何晓波,刘文胜,张可,于萌,白玉静

• 1:安阳钢铁集团有限责任公司
• 2:河南钢铁集团有限公司
• 3:安徽工业大学冶金工程学院

摘要(Abstract)：

基于Gleeble-3500热模拟试验，采用光学显微镜(OM)、扫描电镜(SEM)、电子背散射衍射(EBSD)技术和显微硬度计等研究了Q500qENH桥梁耐候钢焊接粗晶热影响区的组织转变，绘制了模拟焊接热影响区连续冷却转变曲线(SH-CCT)图，探讨了试验钢的低温韧性随冷速的变化机理。结果表明：粒状贝氏体的相变区间为429～615℃,板条贝氏体的相变区间为330～530℃;当冷速≤10℃/s时，组织为粒状贝氏体，当冷速为10～37.5℃/s时，组织为粒状贝氏体和板条贝氏体，而当冷速≥37.5℃/s时，组织全部为板条贝氏体。随着冷速由1℃/s增加至100℃/s,试验钢的硬度呈现先快速增加后缓慢增加的趋势。拐点为30℃/s,此时的硬度为318 HV0.5。硬度升高是由于组织细化和位错密度提高，细晶强化和位错强化效果增强。当冷速为30～60℃/s时，试验钢具有良好的低温冲击韧性，主要是因为板条贝氏体高比例的大角度晶界阻碍了裂纹的扩展。为了使硬度和韧性实现良好匹配，Q500qENH桥梁耐候钢的焊接热输入应当控制在19～27 kJ/cm的范围。

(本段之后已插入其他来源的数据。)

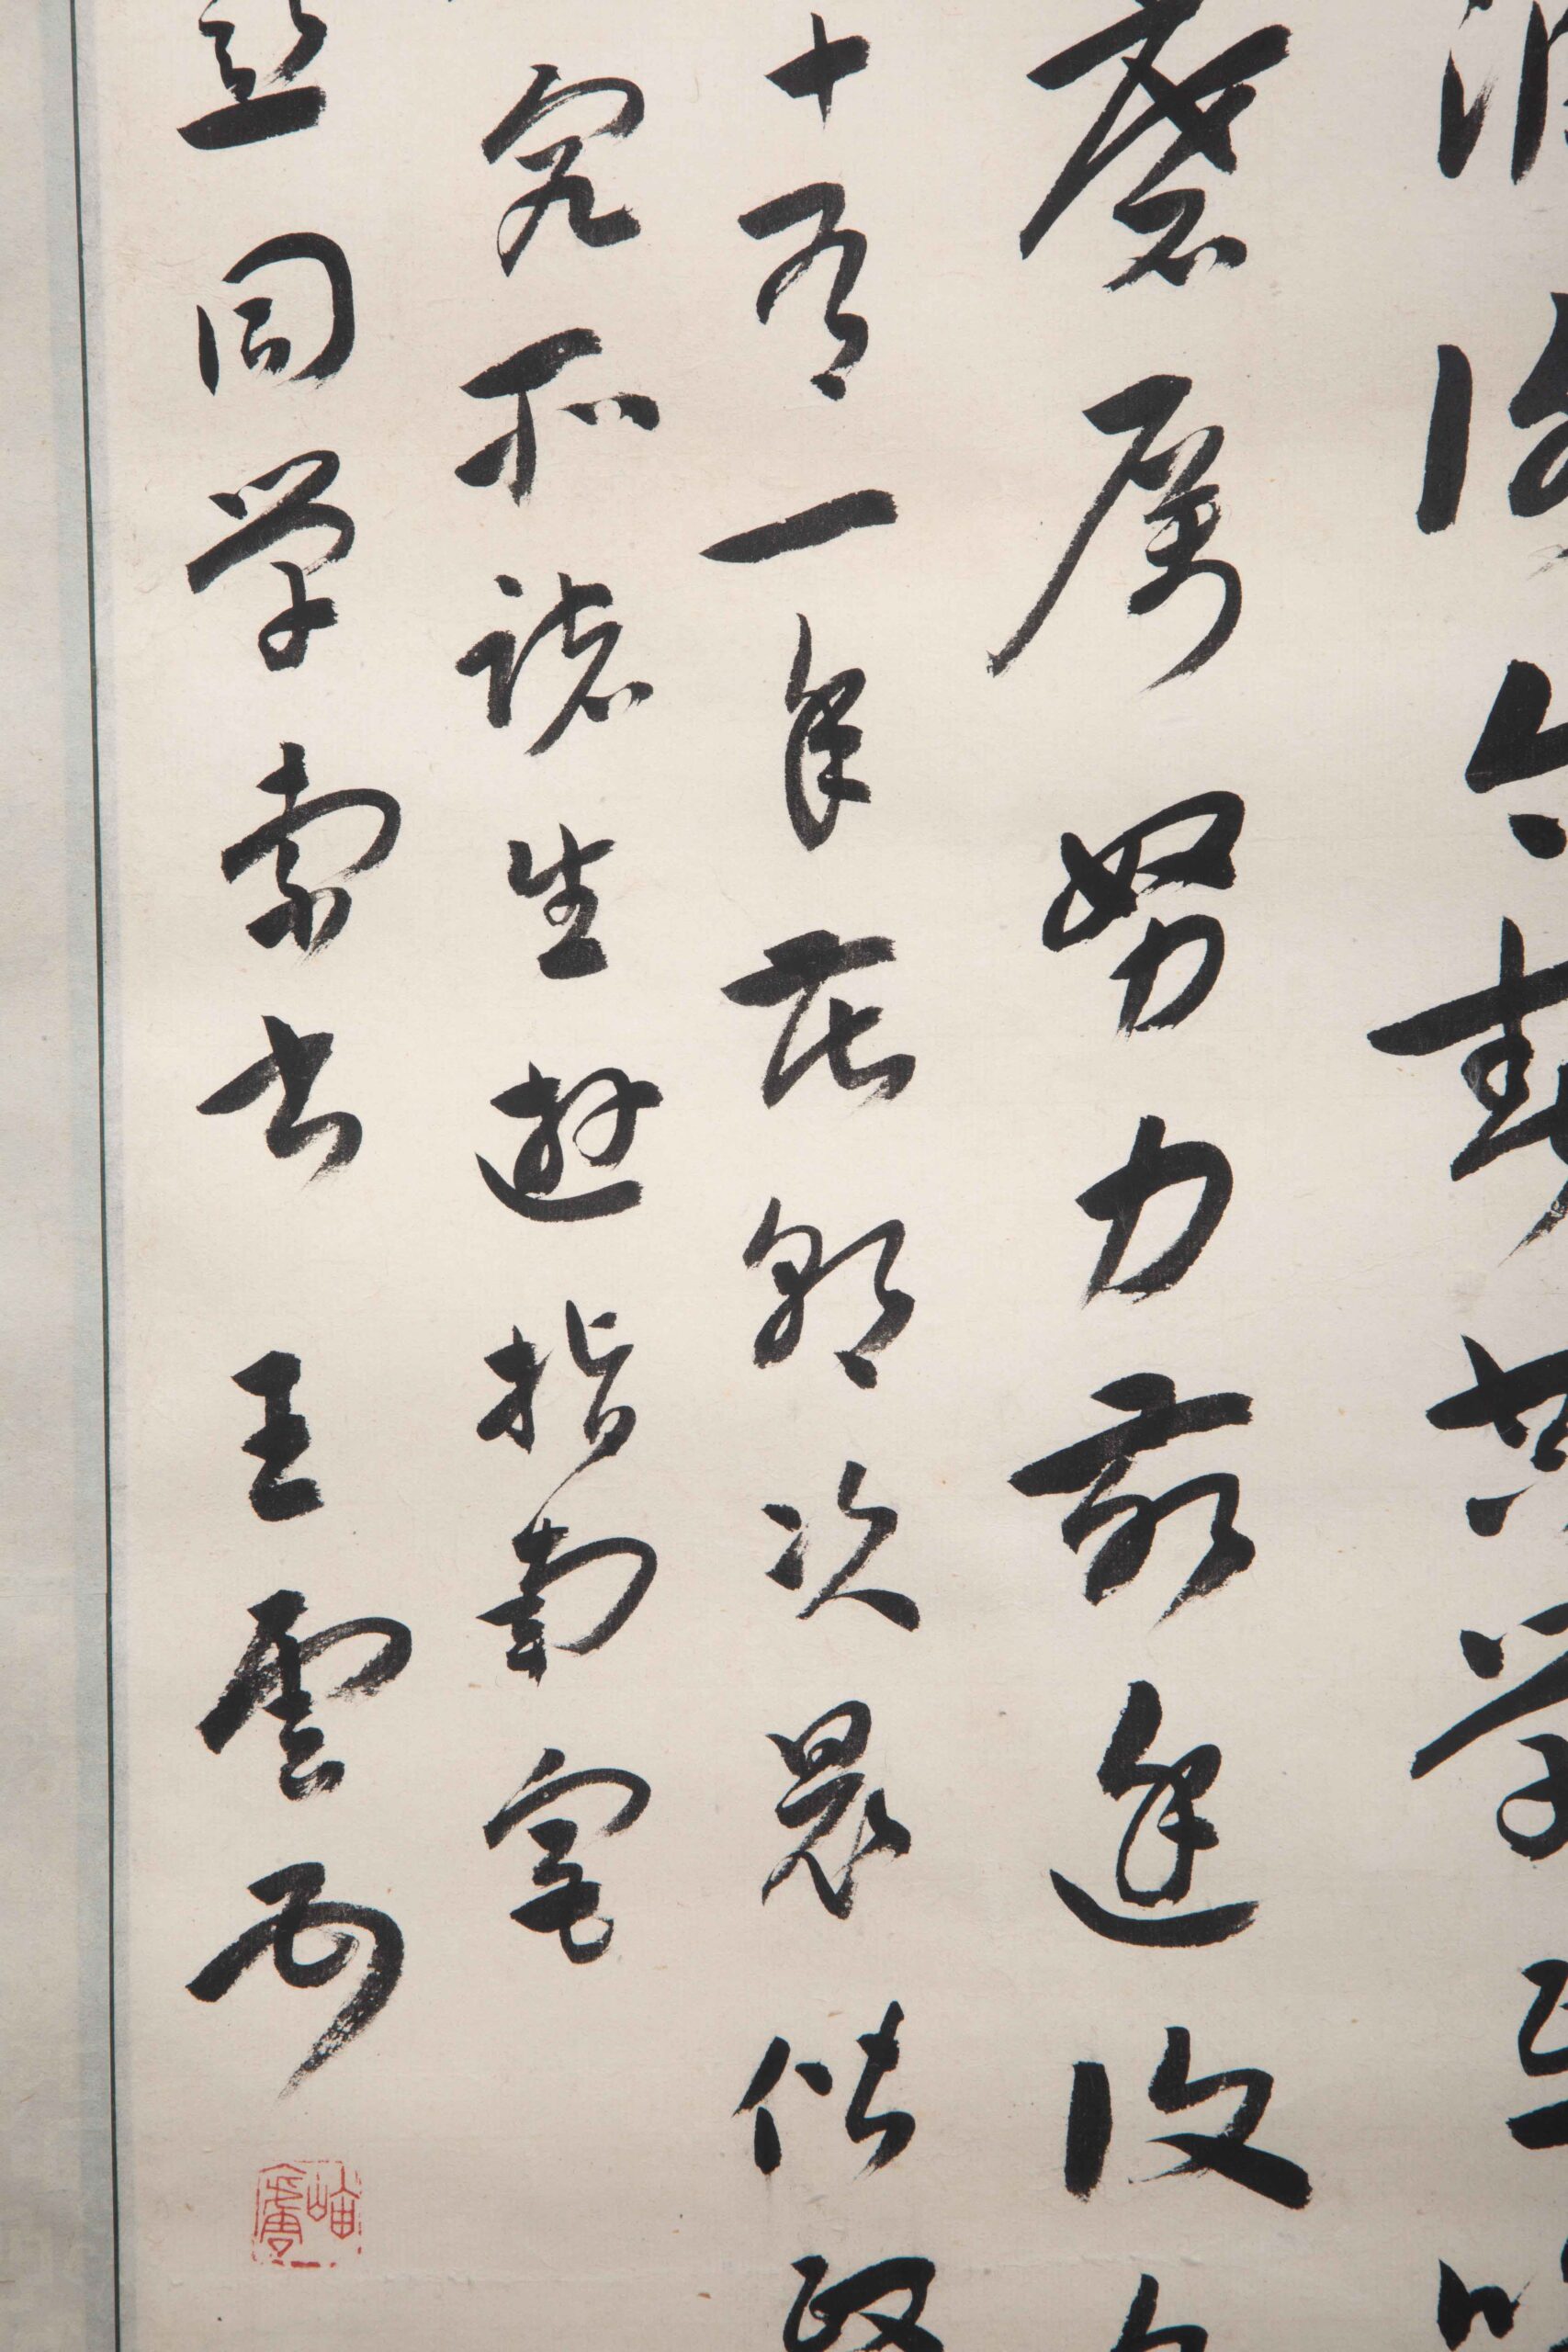 Chinese calligraphy by Wang Yunwu, Republic of China民国台湾行政院 
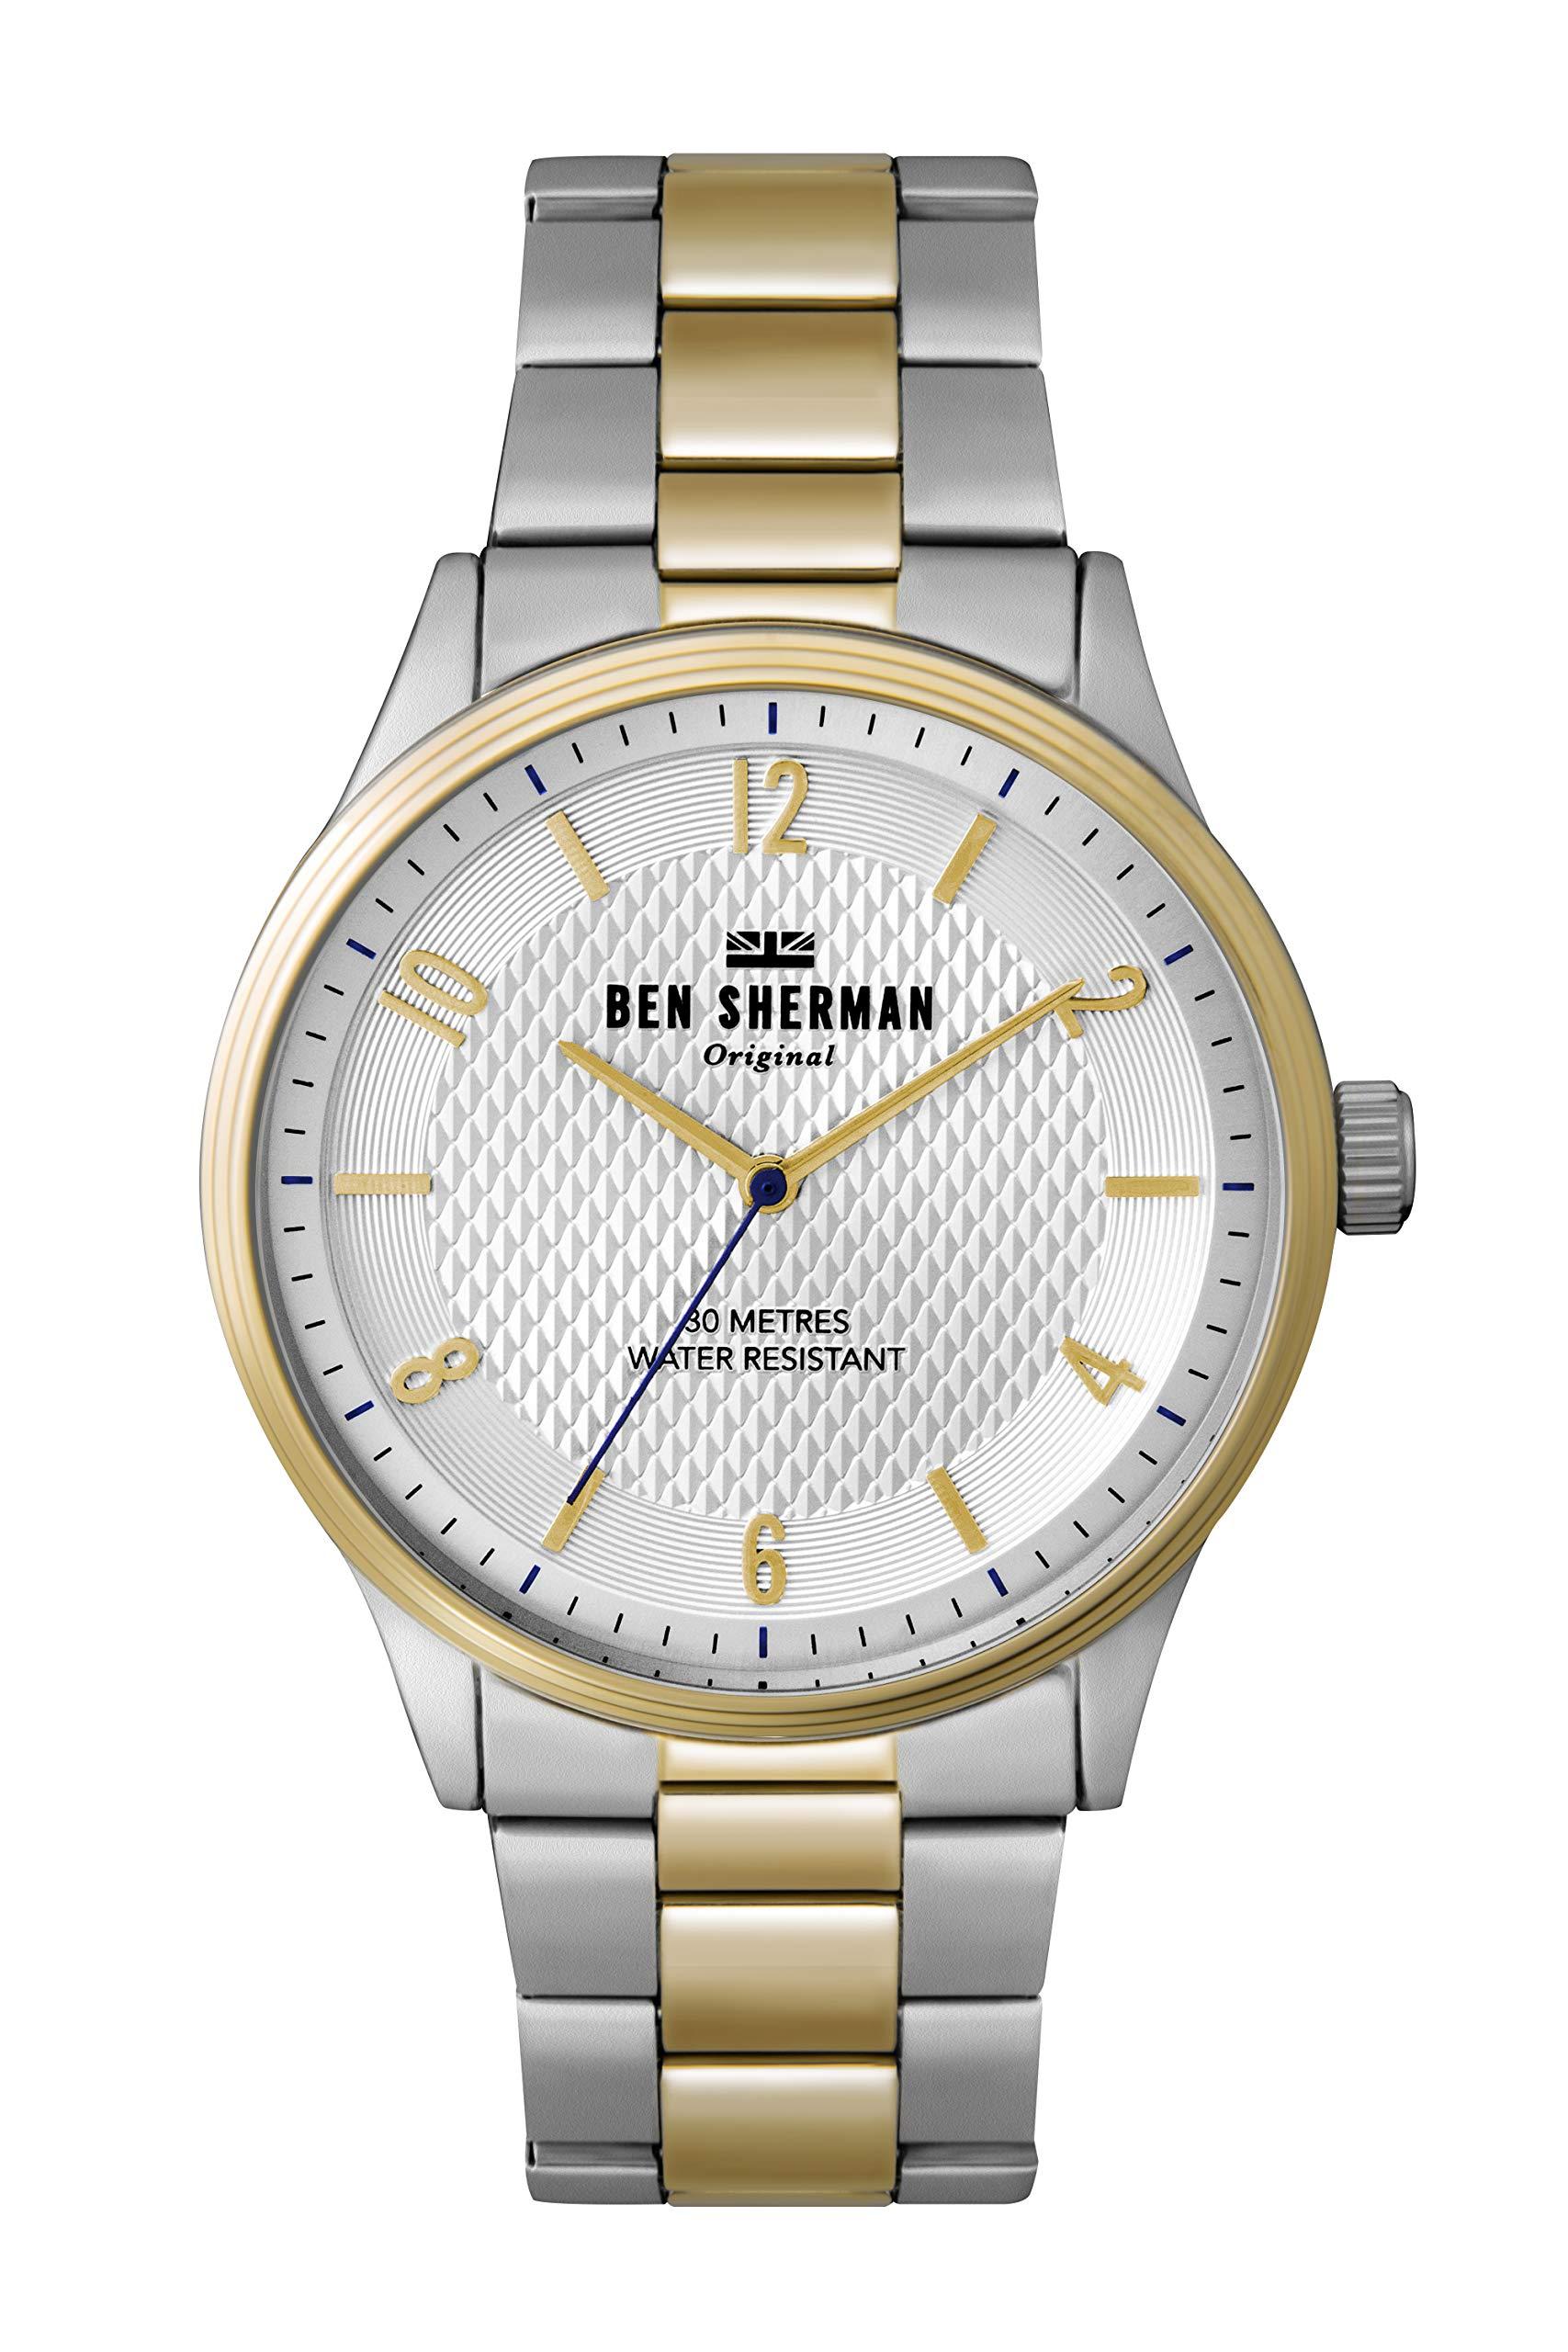 Ben Sherman S Analogue Classic Quartz Watch With Aluminium Strap Wb025sgm  in White (Metallic) for Men - Save 42% - Lyst

关键词(KeyWords)： 桥梁耐候钢;SH-CCT图;热影响区;显微组织;低温韧性

Abstract:

Keywords:

基金项目(Foundation): 河南省博士后科研启动项目(202103098);; 安徽省高等学校科学研究项目(2023AH051090)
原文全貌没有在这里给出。